_Instructions for the task_: Please print nothing but the lines from the one containing "Newly sworn-in Madhya" to the final line below, exactly, and no pictures.

_Collected material_:
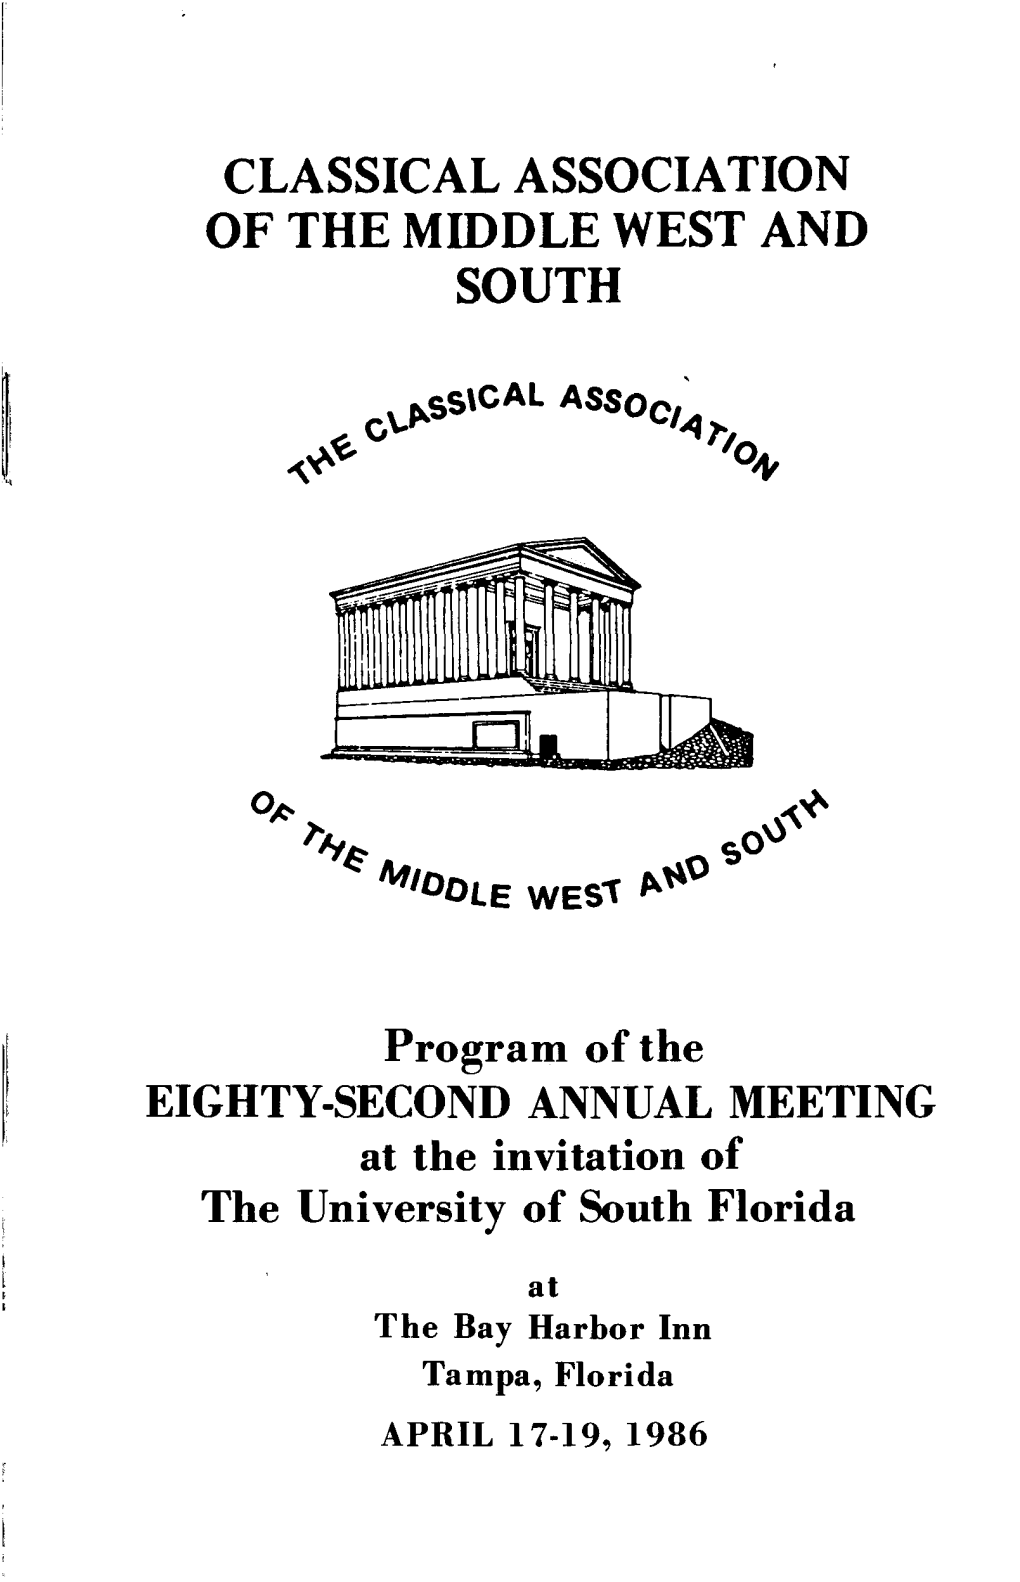 82Nd Annual Meeting
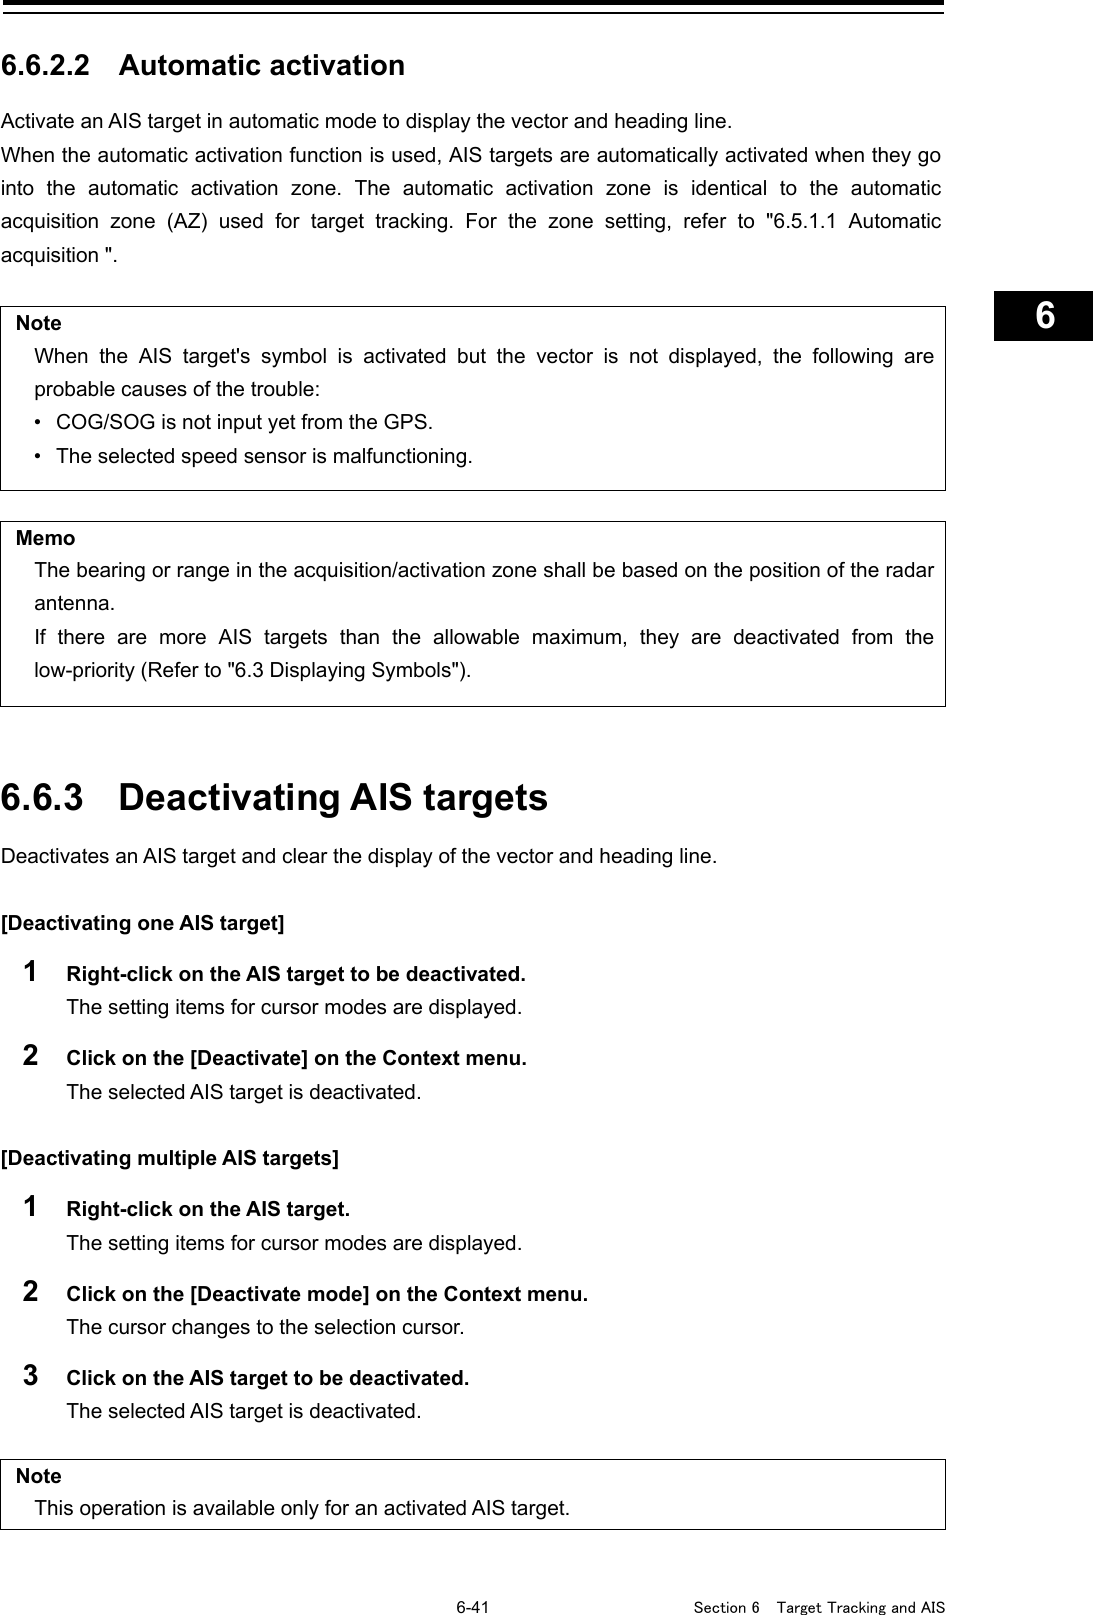   6-41  Section 6  Target Tracking and AIS    1  2  3  4  5  6  7  8  9  10  11  12  13  14  15  16  17  18  19  20  21  22  23  24  25  26  27      6.6.2.2 Automatic activation Activate an AIS target in automatic mode to display the vector and heading line. When the automatic activation function is used, AIS targets are automatically activated when they go into the automatic activation zone. The automatic activation zone is identical to the automatic acquisition zone (AZ) used for target tracking. For the zone setting, refer to &quot;6.5.1.1 Automatic acquisition &quot;.  Note When the AIS target&apos;s symbol is activated but the vector is not displayed, the following are probable causes of the trouble: • COG/SOG is not input yet from the GPS. • The selected speed sensor is malfunctioning.   Memo The bearing or range in the acquisition/activation zone shall be based on the position of the radar antenna. If there are more AIS targets than the allowable maximum, they are deactivated from the low-priority (Refer to &quot;6.3 Displaying Symbols&quot;).   6.6.3 Deactivating AIS targets Deactivates an AIS target and clear the display of the vector and heading line.  [Deactivating one AIS target] 1  Right-click on the AIS target to be deactivated. The setting items for cursor modes are displayed. 2  Click on the [Deactivate] on the Context menu. The selected AIS target is deactivated.  [Deactivating multiple AIS targets] 1  Right-click on the AIS target. The setting items for cursor modes are displayed. 2  Click on the [Deactivate mode] on the Context menu. The cursor changes to the selection cursor. 3  Click on the AIS target to be deactivated. The selected AIS target is deactivated.  Note This operation is available only for an activated AIS target.    
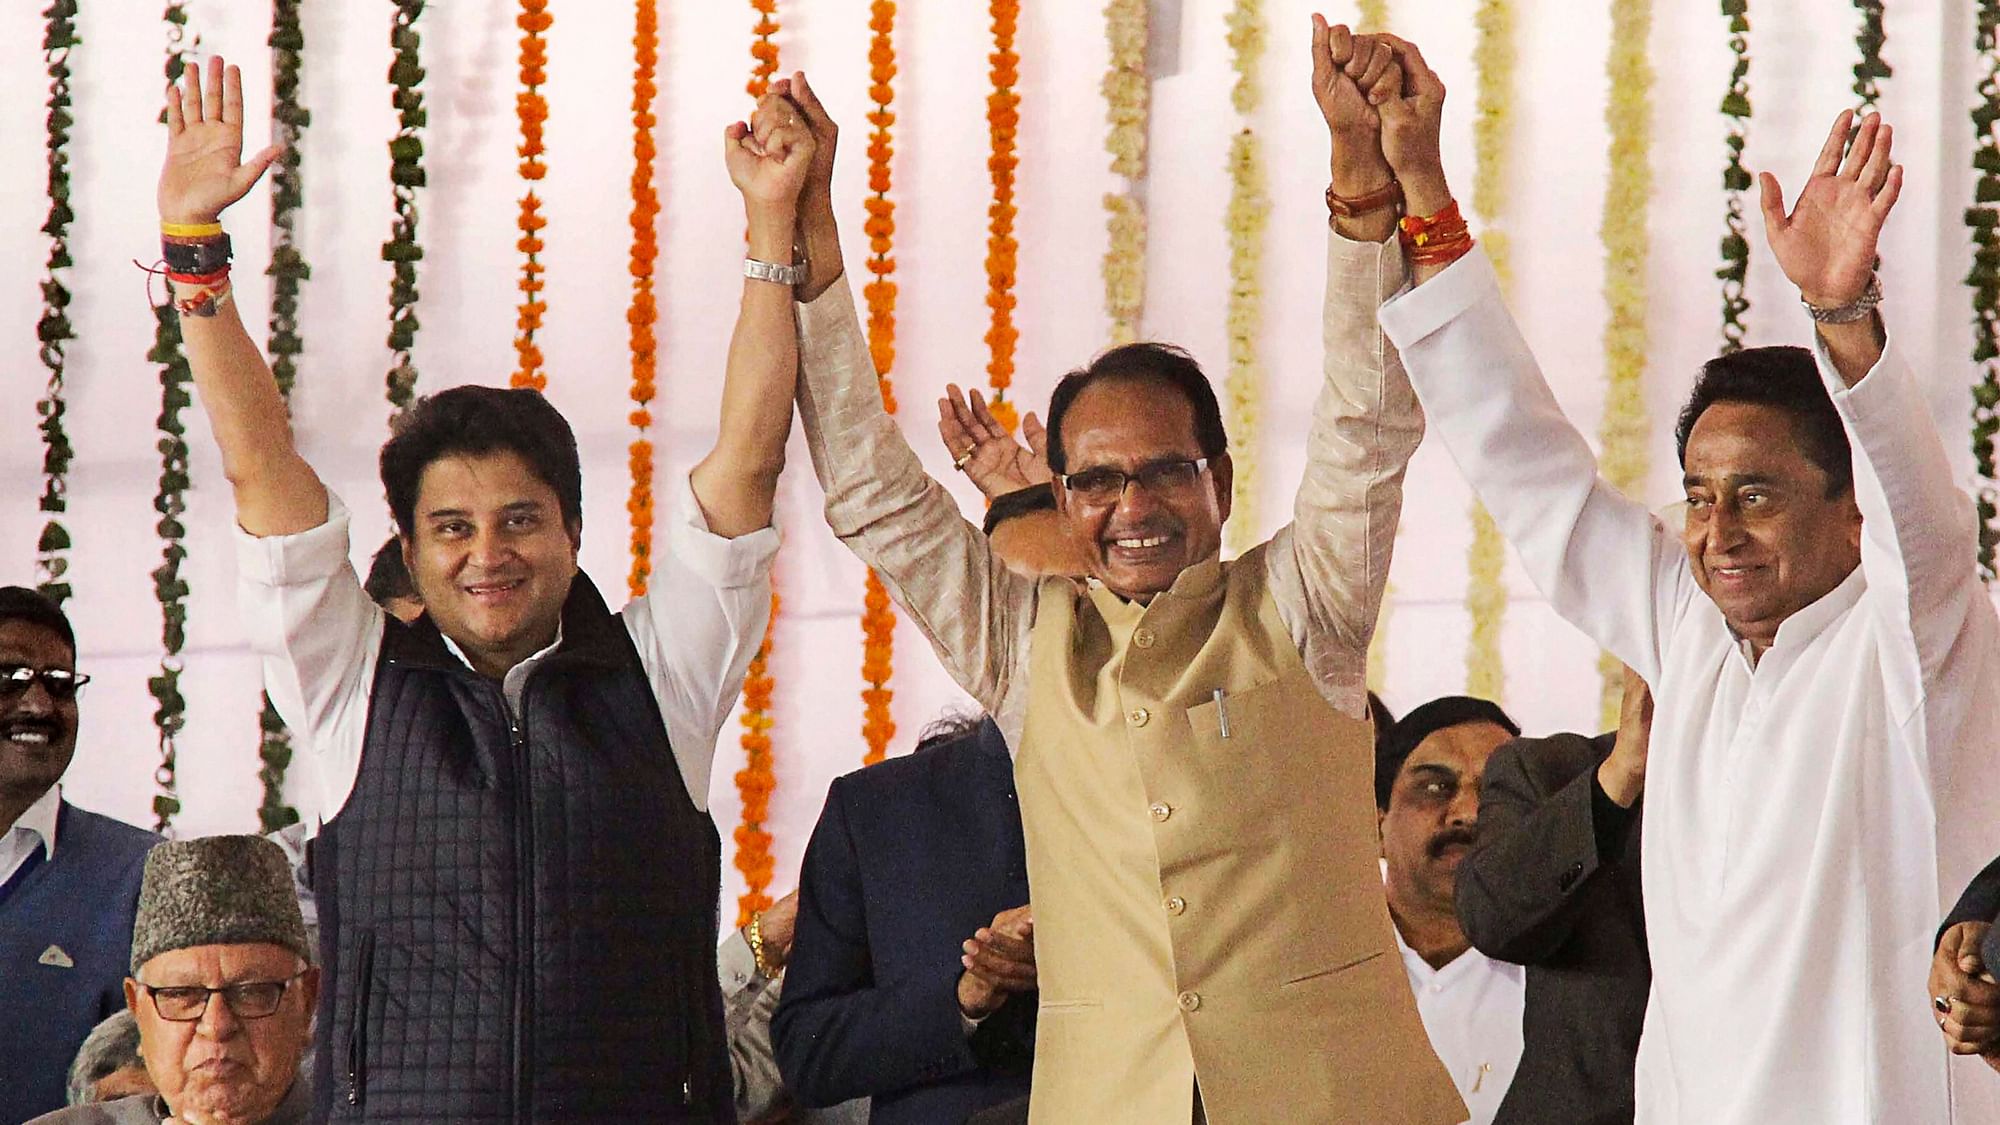  Newly sworn-in Madhya Pradesh Chief Minister Kamal Nath (R) with former chief minister Shivraj Singh Chouhan and Congress MP Jyotiraditya Scindia (L), during Nath’s swearing-in-ceremony, in Bhopal on 17 December 2018.&nbsp;
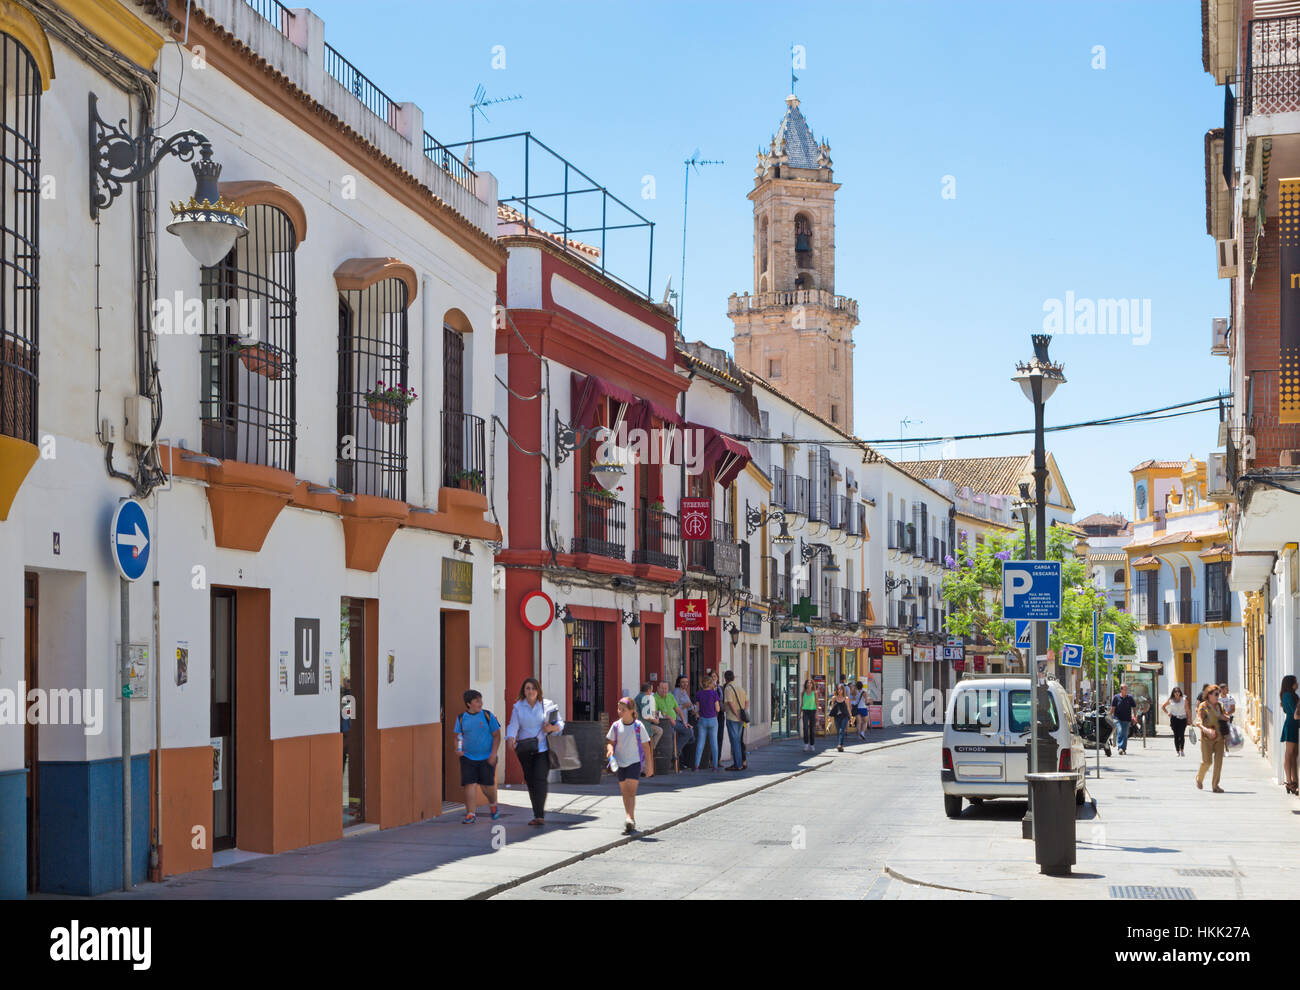 CORDOBA, SPAIN - MAY 26, 2015: The typical Andalusian street. Stock Photo

_Solution for this task_:
  Newly sworn-in Madhya Pradesh Chief Minister Kamal Nath (R) with former chief minister Shivraj Singh Chouhan and Congress MP Jyotiraditya Scindia (L), during Nath’s swearing-in-ceremony, in Bhopal on 17 December 2018.&nbsp;
 CORDOBA, SPAIN - MAY 26, 2015: The typical Andalusian street. Stock Photo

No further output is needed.